The state’s valuation schedule
Dori’s listeners often hear him call Sound Transit the “most criminally corrupt public agency in the history of the United States” — in part due to the agency not using the Kelley Blue Book values of cars when calculating car tab fees.
Villeneuve, however, said that in the grand scheme of things, the positive outweighs the negative when it comes to Sound Transit. The Northwest Progressive Institute does not find Sound Transit’s actions to be illegal.
“No entity is perfect, and every entity, whether public or private, makes mistakes, but Sound Transit is building infrastructure that we need, including light rail, bus rapid transit, express bus, commuter rail,” he said. “The reality is, our traffic has been getting worse for years, and it will continue to get worse as our region grows … we need alternatives to our gridlocked highways.”
He noted that Sen.
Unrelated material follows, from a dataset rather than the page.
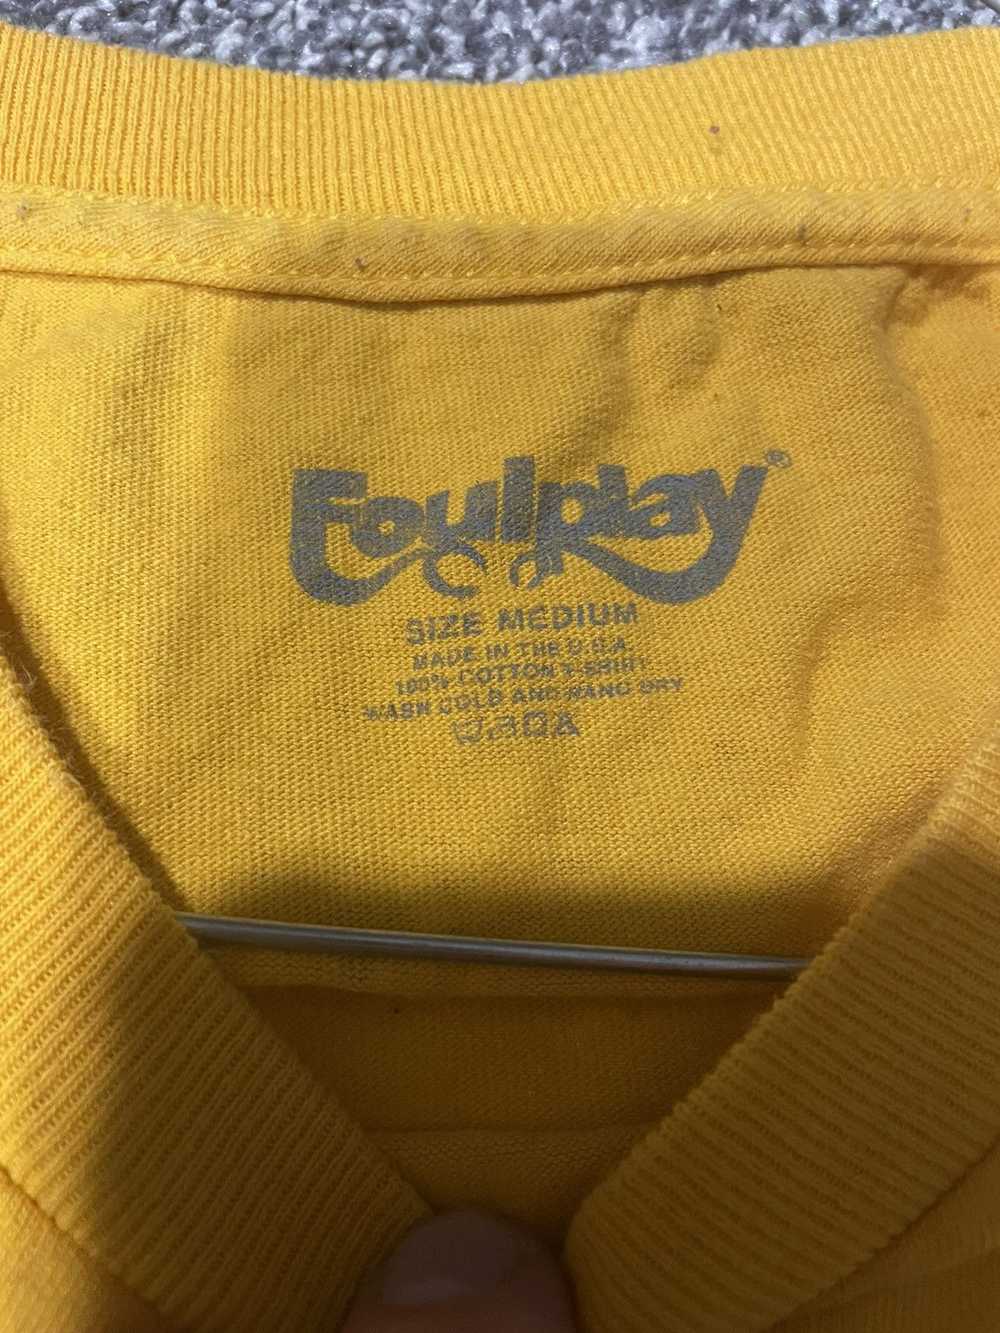 Foulplay Company Foulplay shirt - image 6

Doug Ericksen (R-Ferndale) had an amendment — Amendment 53 to 2015’s Senate Bill 5987 — to change the state’s valuation schedule to one that would take car values down at a faster rate and thus ease the tax burden. However, it was the Senate Republicans who did not adopt it.
While Villeneuve said Sound Transit doesn’t use the valuation schedule he personally would choose, he feels that the moral choice is to pool resources to fund community needs.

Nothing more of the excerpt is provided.